WHAT TO DO: Given the listing below, write out exactly the lines starting with the line that has "[E3 2017] Découvrez les annonces Ubisoft" and going on through the line that has "round art installation", both kept.

DATASET ENTRIES:
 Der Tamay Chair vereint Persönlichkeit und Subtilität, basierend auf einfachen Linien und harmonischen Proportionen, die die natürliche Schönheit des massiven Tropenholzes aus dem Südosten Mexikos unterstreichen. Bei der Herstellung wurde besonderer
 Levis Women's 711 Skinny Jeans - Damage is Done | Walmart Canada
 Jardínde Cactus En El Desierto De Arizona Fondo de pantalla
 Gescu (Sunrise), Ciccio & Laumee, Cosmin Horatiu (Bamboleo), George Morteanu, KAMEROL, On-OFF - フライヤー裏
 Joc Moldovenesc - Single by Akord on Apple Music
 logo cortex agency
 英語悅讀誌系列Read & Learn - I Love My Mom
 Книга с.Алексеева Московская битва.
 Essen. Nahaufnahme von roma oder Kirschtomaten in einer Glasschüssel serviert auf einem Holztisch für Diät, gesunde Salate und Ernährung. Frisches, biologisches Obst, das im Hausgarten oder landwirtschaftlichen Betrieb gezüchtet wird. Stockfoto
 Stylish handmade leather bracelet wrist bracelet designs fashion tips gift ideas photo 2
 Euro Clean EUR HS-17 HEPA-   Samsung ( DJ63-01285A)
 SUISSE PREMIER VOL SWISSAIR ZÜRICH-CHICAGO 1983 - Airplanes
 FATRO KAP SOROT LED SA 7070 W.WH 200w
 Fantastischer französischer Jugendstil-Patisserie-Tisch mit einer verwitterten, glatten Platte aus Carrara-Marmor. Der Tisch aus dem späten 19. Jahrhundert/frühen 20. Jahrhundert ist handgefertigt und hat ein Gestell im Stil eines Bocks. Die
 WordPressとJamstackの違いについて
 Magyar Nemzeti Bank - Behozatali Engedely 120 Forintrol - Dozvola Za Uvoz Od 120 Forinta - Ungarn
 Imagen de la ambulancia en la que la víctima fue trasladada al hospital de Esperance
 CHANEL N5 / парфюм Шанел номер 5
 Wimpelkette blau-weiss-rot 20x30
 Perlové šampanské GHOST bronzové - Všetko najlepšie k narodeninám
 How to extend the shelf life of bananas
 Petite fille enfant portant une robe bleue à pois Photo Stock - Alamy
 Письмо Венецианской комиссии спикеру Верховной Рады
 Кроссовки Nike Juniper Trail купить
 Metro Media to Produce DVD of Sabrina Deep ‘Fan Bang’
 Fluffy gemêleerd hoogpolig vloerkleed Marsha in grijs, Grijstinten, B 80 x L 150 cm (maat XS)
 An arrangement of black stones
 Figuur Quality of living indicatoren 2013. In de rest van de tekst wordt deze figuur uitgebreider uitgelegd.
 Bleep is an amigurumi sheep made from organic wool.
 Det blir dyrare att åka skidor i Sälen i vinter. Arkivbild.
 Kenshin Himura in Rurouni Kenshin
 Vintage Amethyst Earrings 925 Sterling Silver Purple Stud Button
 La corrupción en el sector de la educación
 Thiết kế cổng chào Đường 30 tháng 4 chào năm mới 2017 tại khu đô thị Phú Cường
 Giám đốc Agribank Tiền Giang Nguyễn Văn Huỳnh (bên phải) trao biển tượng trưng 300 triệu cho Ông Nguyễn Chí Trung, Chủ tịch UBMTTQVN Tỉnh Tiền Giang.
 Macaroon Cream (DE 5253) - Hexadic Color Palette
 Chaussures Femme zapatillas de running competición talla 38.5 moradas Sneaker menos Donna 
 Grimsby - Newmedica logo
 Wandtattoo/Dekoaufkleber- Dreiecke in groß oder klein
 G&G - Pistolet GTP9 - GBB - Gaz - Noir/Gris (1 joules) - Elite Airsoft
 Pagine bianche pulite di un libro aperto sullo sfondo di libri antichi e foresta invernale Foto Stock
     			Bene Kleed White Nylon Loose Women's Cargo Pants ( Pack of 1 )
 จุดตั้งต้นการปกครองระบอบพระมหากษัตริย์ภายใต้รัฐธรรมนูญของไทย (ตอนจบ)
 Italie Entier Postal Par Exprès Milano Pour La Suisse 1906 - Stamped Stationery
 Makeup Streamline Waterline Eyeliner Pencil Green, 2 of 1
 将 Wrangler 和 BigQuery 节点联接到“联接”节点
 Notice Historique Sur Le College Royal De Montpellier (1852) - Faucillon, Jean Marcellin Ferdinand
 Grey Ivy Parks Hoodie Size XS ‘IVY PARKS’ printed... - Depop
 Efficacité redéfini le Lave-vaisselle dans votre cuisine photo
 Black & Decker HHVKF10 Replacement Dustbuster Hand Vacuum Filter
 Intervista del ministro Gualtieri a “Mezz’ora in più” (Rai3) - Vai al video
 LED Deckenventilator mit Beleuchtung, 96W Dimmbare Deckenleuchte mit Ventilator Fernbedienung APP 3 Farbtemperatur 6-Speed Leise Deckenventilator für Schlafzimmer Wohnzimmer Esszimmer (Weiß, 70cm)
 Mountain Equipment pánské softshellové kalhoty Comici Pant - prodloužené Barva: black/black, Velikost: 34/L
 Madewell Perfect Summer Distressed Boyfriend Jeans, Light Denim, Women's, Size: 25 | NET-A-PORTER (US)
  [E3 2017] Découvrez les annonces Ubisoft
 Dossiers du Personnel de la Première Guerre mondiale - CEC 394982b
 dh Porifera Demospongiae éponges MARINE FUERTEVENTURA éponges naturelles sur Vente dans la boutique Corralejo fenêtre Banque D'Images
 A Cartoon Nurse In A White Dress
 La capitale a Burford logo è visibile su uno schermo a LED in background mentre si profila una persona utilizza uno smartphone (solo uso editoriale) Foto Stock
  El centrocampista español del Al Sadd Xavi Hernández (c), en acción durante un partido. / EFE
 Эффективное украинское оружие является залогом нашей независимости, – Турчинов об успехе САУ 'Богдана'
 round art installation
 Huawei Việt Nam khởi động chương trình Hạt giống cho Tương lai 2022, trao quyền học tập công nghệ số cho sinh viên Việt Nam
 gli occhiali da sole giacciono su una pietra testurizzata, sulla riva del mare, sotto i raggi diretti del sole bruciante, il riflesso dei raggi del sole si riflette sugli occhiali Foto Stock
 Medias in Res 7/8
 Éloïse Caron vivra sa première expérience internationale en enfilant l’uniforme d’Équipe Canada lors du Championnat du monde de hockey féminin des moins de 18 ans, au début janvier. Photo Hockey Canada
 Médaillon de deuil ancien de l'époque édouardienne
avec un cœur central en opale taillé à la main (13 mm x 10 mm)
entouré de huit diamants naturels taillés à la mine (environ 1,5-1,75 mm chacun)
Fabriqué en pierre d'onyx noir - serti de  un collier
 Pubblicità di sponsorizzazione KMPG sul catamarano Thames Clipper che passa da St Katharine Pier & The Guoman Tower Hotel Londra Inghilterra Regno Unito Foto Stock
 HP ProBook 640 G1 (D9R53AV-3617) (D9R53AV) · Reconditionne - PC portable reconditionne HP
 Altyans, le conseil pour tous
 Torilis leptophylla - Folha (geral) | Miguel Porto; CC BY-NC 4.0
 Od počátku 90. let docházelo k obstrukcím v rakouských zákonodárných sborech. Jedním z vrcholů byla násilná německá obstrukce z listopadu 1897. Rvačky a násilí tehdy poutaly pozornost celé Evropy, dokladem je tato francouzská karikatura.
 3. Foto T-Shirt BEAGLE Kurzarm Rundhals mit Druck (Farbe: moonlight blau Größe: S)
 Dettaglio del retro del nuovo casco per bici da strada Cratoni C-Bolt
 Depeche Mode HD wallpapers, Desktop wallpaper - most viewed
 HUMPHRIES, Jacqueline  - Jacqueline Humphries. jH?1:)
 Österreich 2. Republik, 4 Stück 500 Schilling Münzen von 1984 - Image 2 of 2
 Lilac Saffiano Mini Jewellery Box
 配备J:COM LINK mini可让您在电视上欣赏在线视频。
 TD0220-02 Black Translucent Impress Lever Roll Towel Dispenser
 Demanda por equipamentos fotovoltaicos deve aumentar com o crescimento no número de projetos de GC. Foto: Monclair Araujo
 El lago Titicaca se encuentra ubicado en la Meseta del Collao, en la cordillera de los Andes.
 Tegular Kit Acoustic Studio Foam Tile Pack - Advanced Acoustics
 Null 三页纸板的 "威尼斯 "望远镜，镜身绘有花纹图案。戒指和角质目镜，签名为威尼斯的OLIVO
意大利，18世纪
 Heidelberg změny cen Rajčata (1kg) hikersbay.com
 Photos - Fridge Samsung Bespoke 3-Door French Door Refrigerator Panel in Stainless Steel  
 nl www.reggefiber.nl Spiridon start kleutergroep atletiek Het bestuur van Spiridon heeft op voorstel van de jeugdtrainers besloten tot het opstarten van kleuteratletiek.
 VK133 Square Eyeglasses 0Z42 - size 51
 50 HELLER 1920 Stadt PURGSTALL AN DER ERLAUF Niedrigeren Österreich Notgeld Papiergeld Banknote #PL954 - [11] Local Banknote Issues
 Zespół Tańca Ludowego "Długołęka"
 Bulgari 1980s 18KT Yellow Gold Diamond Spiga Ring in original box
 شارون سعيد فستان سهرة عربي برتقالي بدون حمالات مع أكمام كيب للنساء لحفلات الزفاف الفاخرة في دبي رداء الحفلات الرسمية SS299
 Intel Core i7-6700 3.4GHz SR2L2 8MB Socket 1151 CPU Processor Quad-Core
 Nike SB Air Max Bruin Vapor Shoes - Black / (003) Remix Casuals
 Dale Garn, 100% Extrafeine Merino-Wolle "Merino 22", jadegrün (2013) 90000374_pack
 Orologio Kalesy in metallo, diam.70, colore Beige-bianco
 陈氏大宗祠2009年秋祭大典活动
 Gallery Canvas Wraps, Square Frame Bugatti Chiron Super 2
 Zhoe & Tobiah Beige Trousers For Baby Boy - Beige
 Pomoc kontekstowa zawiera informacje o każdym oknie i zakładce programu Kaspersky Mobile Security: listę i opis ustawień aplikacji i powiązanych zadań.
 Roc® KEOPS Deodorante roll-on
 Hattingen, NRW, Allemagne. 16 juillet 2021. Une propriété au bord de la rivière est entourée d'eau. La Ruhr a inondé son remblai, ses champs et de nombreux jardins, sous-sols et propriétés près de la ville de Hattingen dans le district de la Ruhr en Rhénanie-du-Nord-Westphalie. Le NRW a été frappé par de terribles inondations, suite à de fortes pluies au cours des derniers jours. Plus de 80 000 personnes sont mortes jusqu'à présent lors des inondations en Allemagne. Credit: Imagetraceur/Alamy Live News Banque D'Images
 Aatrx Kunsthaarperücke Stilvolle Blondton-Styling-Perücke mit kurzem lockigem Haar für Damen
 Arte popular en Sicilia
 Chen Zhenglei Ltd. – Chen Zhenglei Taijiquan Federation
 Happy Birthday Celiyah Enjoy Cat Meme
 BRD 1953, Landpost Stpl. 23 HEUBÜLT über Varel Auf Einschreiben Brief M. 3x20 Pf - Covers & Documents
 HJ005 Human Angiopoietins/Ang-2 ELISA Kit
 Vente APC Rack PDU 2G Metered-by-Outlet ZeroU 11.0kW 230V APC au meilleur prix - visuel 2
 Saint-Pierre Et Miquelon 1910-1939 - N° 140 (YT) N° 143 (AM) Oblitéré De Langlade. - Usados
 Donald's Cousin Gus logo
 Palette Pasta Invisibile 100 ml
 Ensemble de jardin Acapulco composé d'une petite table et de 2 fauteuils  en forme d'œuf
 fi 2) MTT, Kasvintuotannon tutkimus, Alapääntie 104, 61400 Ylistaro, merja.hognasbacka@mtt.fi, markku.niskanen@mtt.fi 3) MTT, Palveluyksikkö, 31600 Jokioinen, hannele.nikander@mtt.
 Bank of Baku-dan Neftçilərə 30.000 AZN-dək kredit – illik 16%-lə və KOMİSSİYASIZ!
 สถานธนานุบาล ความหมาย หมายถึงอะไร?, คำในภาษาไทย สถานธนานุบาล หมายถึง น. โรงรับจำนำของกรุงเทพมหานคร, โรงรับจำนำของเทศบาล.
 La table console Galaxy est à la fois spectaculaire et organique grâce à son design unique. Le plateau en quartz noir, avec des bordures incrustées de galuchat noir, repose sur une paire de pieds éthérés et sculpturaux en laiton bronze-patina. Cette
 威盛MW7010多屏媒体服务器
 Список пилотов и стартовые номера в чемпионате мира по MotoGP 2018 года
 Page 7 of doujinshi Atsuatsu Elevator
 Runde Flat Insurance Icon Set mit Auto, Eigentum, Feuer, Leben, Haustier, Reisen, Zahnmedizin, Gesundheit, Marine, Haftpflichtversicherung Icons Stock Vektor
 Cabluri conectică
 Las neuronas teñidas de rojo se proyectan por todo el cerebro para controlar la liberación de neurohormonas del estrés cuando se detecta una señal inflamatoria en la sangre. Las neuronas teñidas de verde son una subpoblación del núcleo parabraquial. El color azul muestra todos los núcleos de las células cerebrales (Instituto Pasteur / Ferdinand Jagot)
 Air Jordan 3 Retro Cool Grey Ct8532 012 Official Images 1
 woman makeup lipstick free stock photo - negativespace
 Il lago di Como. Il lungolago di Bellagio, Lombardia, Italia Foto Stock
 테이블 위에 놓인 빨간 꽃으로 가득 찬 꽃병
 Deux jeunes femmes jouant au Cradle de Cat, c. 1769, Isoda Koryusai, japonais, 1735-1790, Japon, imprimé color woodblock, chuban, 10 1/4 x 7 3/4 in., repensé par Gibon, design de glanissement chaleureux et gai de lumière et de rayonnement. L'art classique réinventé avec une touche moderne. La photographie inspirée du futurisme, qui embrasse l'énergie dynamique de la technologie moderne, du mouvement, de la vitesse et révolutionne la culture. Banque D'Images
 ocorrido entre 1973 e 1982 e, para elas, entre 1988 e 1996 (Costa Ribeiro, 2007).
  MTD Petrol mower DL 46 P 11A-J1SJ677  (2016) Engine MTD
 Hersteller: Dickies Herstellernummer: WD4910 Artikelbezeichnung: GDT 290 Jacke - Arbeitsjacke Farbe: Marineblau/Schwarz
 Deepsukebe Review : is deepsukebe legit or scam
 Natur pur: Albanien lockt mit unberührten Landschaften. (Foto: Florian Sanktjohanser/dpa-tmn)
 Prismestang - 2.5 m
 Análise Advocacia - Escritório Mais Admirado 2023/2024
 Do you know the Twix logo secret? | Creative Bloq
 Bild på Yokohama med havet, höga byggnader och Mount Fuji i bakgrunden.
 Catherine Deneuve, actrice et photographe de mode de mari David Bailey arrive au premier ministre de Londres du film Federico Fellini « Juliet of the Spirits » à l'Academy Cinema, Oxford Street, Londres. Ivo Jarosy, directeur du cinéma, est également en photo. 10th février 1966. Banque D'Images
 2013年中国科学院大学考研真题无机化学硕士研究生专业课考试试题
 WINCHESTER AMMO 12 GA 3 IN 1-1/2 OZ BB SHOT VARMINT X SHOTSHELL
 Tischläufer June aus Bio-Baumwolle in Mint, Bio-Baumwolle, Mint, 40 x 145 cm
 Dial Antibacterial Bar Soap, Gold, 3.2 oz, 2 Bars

TASK RESPONSE:
  [E3 2017] Découvrez les annonces Ubisoft
 Dossiers du Personnel de la Première Guerre mondiale - CEC 394982b
 dh Porifera Demospongiae éponges MARINE FUERTEVENTURA éponges naturelles sur Vente dans la boutique Corralejo fenêtre Banque D'Images
 A Cartoon Nurse In A White Dress
 La capitale a Burford logo è visibile su uno schermo a LED in background mentre si profila una persona utilizza uno smartphone (solo uso editoriale) Foto Stock
  El centrocampista español del Al Sadd Xavi Hernández (c), en acción durante un partido. / EFE
 Эффективное украинское оружие является залогом нашей независимости, – Турчинов об успехе САУ 'Богдана'
 round art installation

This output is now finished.